EXTRACTED ENTRIES:
★ ★ ★ ★

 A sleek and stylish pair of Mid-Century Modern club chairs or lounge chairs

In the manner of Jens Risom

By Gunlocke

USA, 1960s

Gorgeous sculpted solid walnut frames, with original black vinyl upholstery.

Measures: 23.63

★ ★ ★ ★

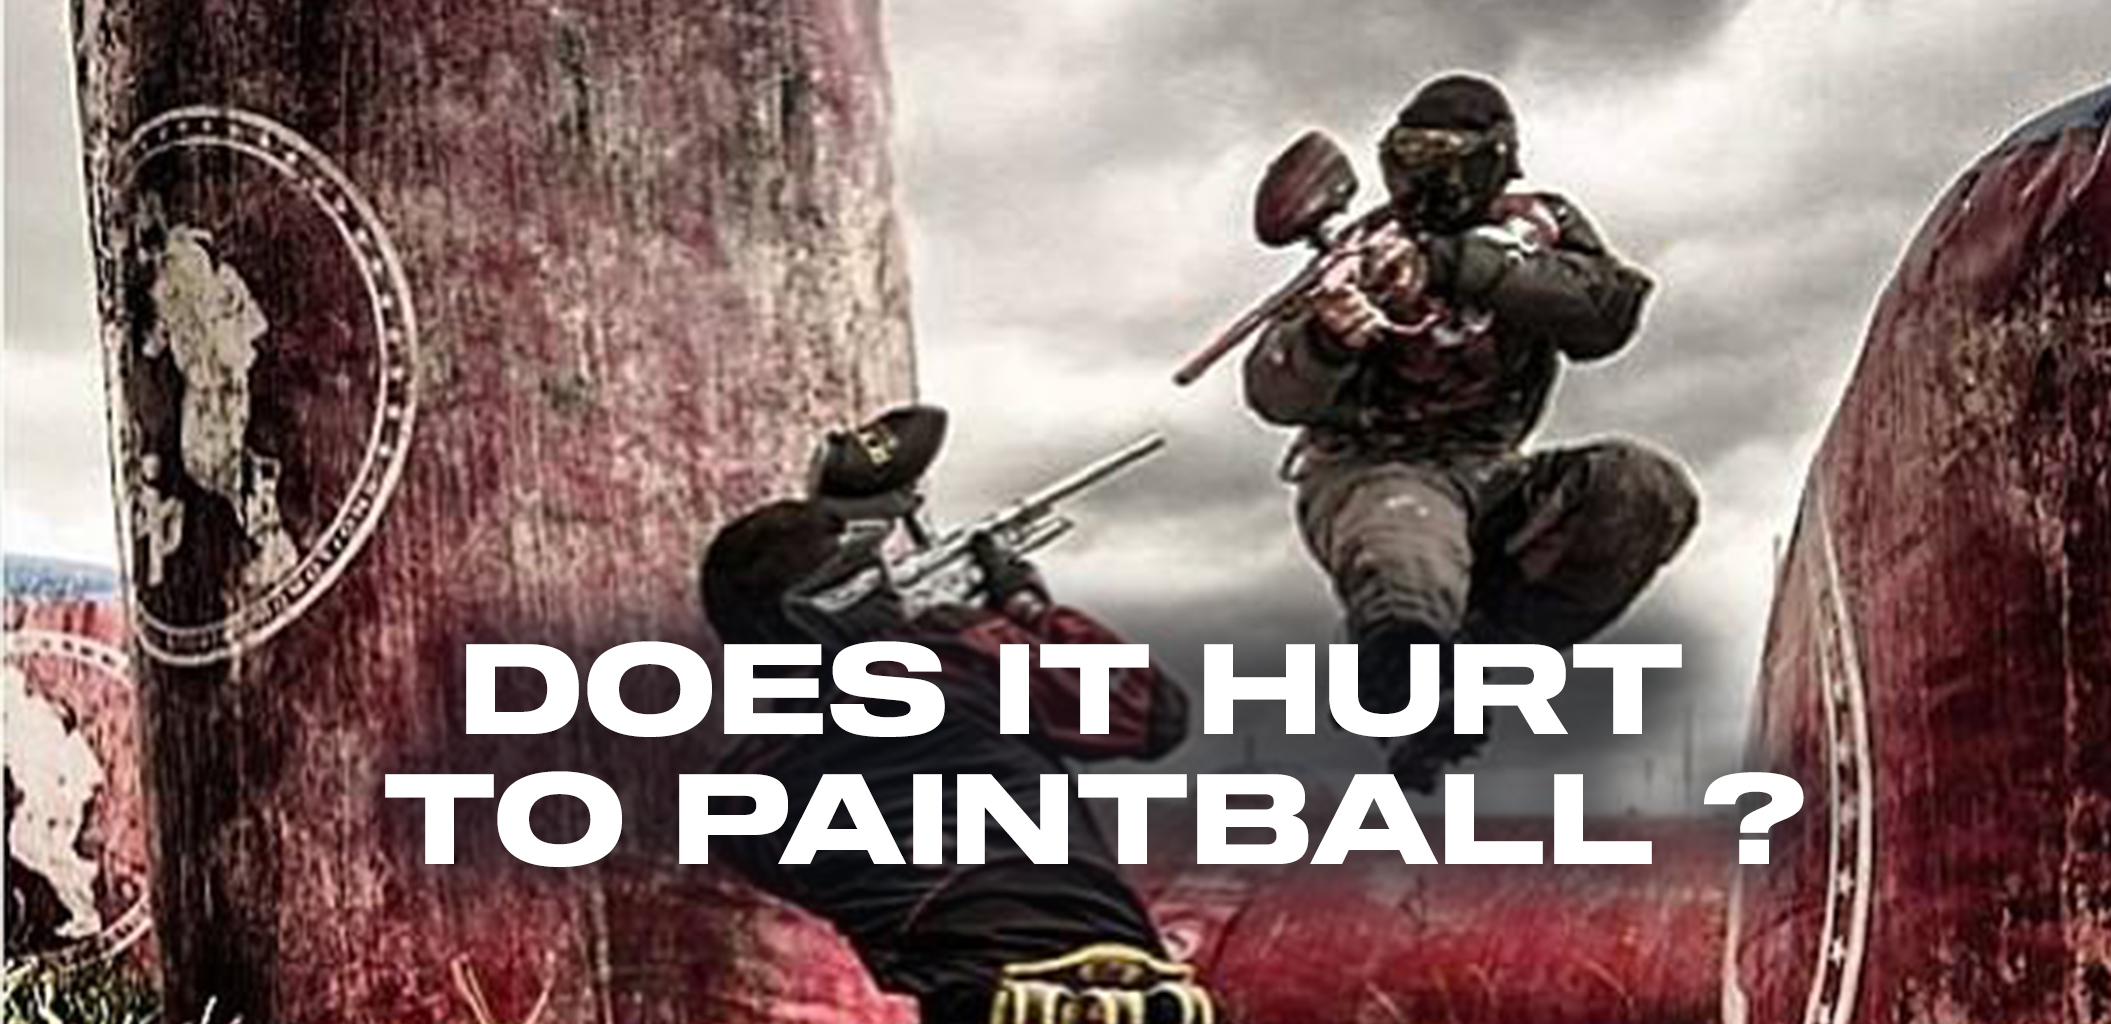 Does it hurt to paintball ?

★ ★ ★ ★

In the listing above, transcribe exactly everything from the line containing "In the manner of Jens Risom" down to the line containing "Measures: 23.63", including both and nothing more.

SOLUTION TO THIS PROBLEM:
In the manner of Jens Risom

By Gunlocke

USA, 1960s

Gorgeous sculpted solid walnut frames, with original black vinyl upholstery.

Measures: 23.63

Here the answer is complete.